Gemma Stack, ACA Employment tax principal, Ryan. Croner.

Gemma Stack, employment tax principal at Ryan, explains how new PAYE clampdown on umbrella companies means recruiters and employers in the supply chain can be held jointly liable for unpaid tax and national insurance by HMRC.


New umbrella company PAYE rules came into effect in April 2026, introducing joint and several liability (JSL) for unpaid PAYE and National Insurance contributions (NIC). HMRC can now pursue other parties in the labour supply chain for unpaid PAYE and NIC, regardless of where the underlying noncompliance arose.


This sits against the backdrop of a large and complex market. Around 700,000 individuals work through umbrella companies in the UK, according to HMRC estimates. The Office for Budget Responsibility (OBR) projects that the new rules will raise £870m by 2027, reflecting the scale of non-compliance these reforms are designed to address.


For recruitment agencies, this moves PAYE risk from a largely indirect exposure to a direct and potentially immediate liability. The question is no longer whether providers have been checked, but whether agencies can stand behind how every worker in their supply chain is paid.


How joint and several liability operates in practice – a commercial shift


This reform is not simply an additional compliance requirement; it fundamentally changes where PAYE risk sits. Joint and several liability (JSL) brings that risk directly into the agency’s remit.


The legislation enables HMRC to recover unpaid PAYE and NIC from any party in the relevant labour supply chain, without requiring fault or direct involvement in the underlying payroll failure. In practice, several features are important:


  • HMRC is not required to pursue the defaulting umbrella company first.

  • Liability can be imposed on the agency even where payroll is outsourced.

  • The agency may be required to settle the liability in full, with any recovery from other parties uncertain.


This creates a position where agencies can end up bearing the cost of non-compliance that originates elsewhere. Risk therefore moves onto the balance sheet and into core commercial decision-making.


At the same time, client expectations are evolving. End clients are increasingly focused on the integrity of their workforce supply chains. The ability to demonstrate a clear and defensible model is becoming a differentiator.

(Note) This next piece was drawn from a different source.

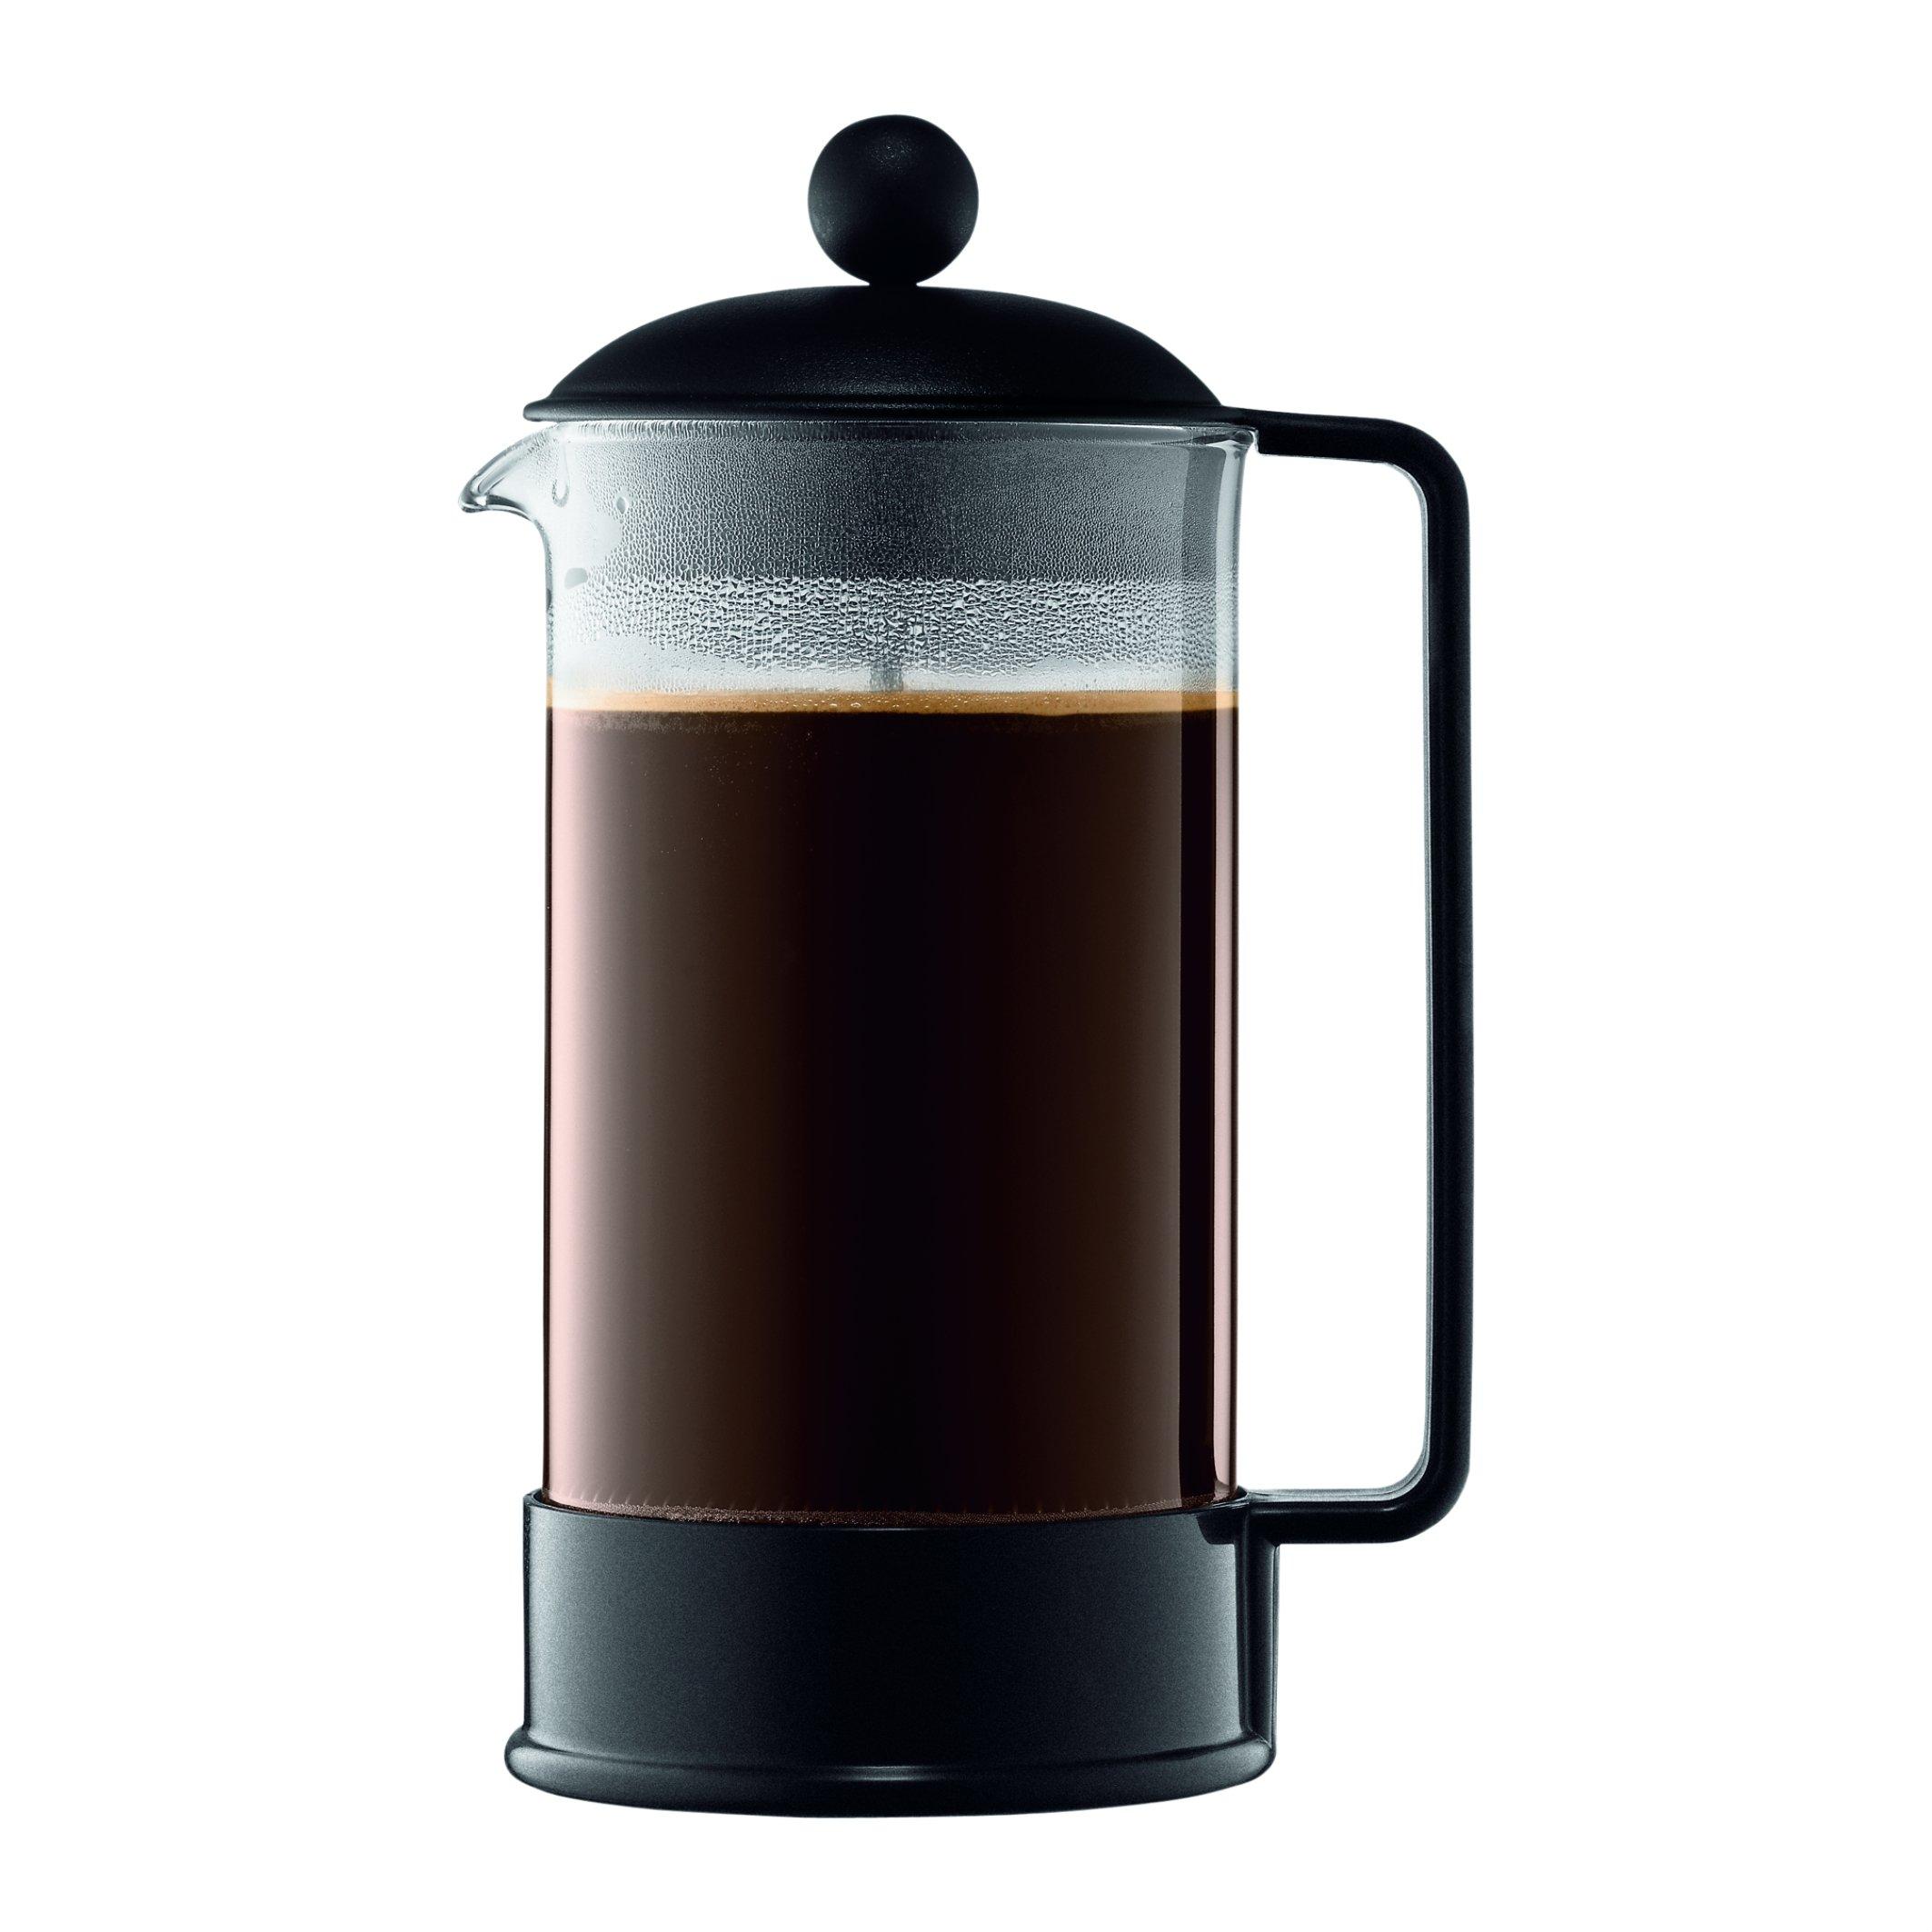 Bodum 1548-01US Brazil French Press Coffee and Tea Maker, 34 Ounce, Black by Bodum

Agencies have historically relied on umbrella companies to manage payroll and compliance. That model no longer transfers risk in the way many assume. The key question is not who runs payroll, but whether the agency can demonstrate it understands how payroll is being operated in practice. With the new reforms, reduced involvement no longer means reduced exposure.

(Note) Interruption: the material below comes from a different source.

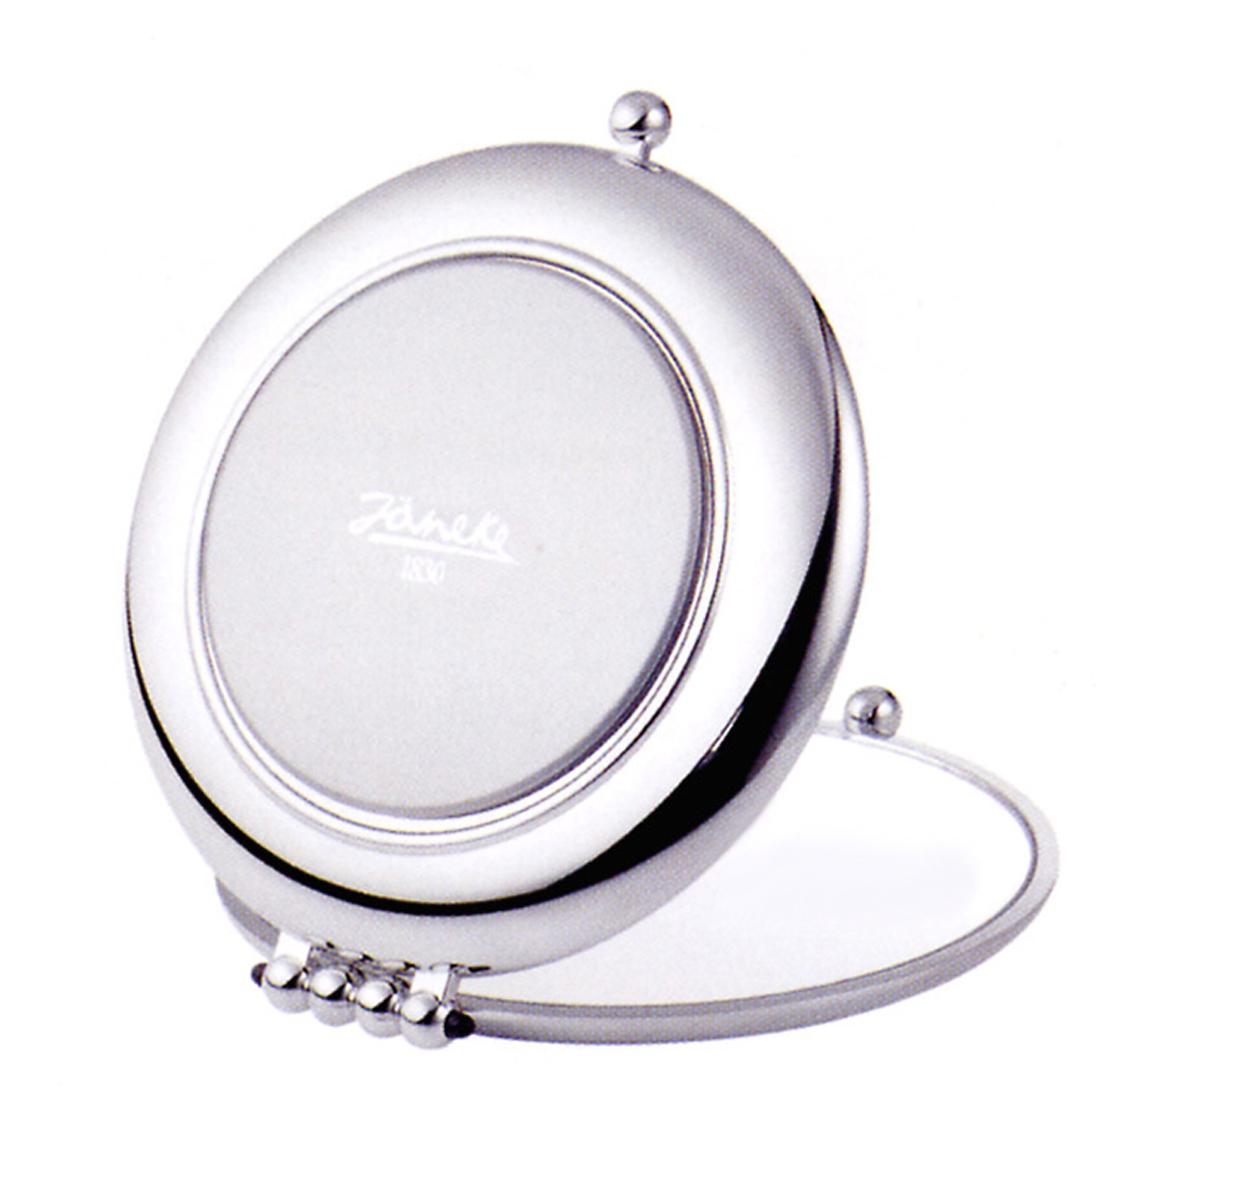 Janeke Зеркало алюминиевое в упаковке D90, AL453.3. 573240

Key pitfalls for recruitment agencies


Exposure is more likely to arise from weaknesses in execution than from technical misunderstanding.

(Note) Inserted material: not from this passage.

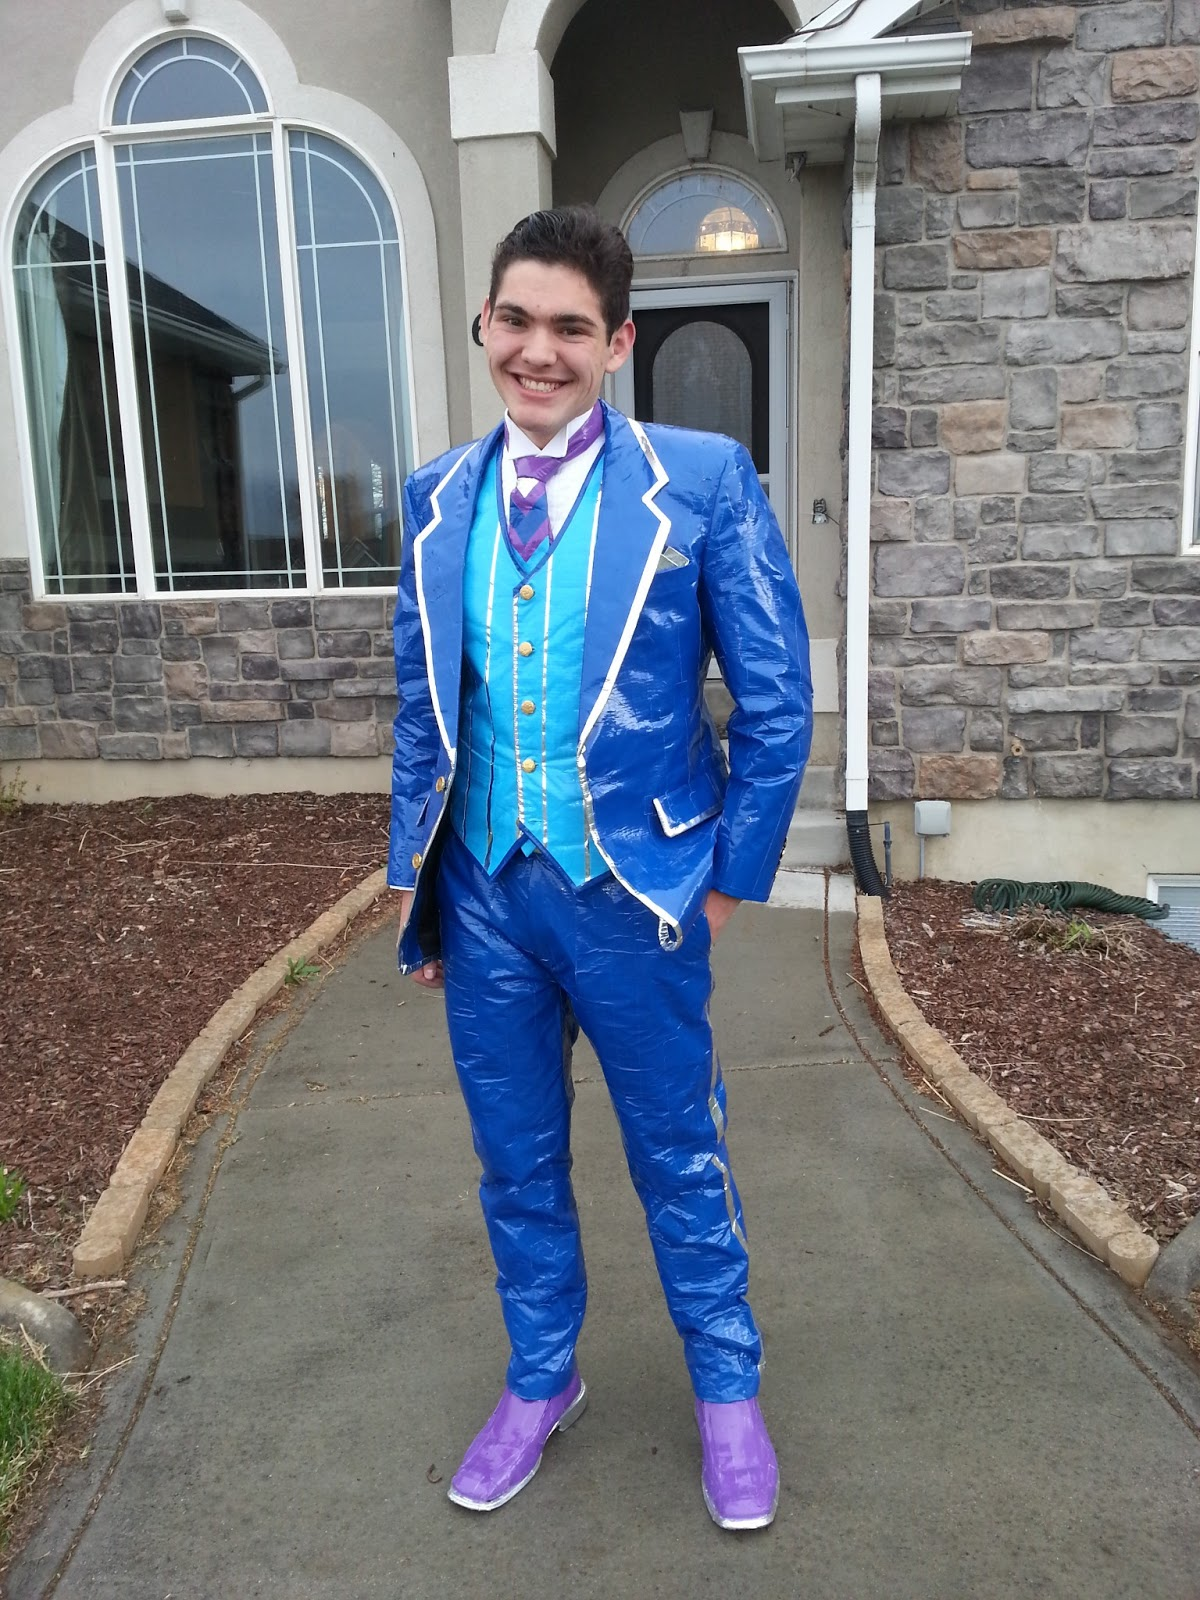 Awesome Prom Tuxedos – fashion dresses

The following areas are consistently high risk:


  • Assumed transfer of risk – Reliance on umbrella providers without verifying how PAYE is operated in practice

  • Outdated due diligence frameworks – Processes designed for a pre-reform environment and not revisited to reflect the new risk position

  • Mismatch between contractual terms and reality – Agreements that do not reflect actual working practices relied upon for status and IR35 determinations

  • Insufficient ongoing monitoring – One-off onboarding checks without continued oversight of provider behaviour and payroll operation

  • Lack of clear internal accountability – No defined ownership of labour supply chain risk at a senior level


Each of these represents a control gap that can translate directly into financial liability under the new rules.


Governance expectations and regulatory direction


The reforms should be viewed alongside a broader increase in scrutiny of labour supply chains. The introduction of the Fair Work Agency in April 2026 signals a more coordinated enforcement environment, with oversight extending beyond HMRC.


Governance is now central to managing financial risk and maintaining client relationships. End clients are increasing their focus in this area, and agencies should expect greater challenge on how their supply chains are structured and controlled.


There is also interaction with existing obligations, including Senior Accounting Officer and Corporate Criminal Offence requirements, where demonstrable control frameworks are expected.


What agencies should be doing now


Agencies’ response to these reforms should be both focused and practical. Priority areas include:


  • Reassessing the operating model – With the traditional 'hands-off' approach to umbrella companies no longer viable for agencies, it's worth questioning whether umbrella utilisation remains the optimal model.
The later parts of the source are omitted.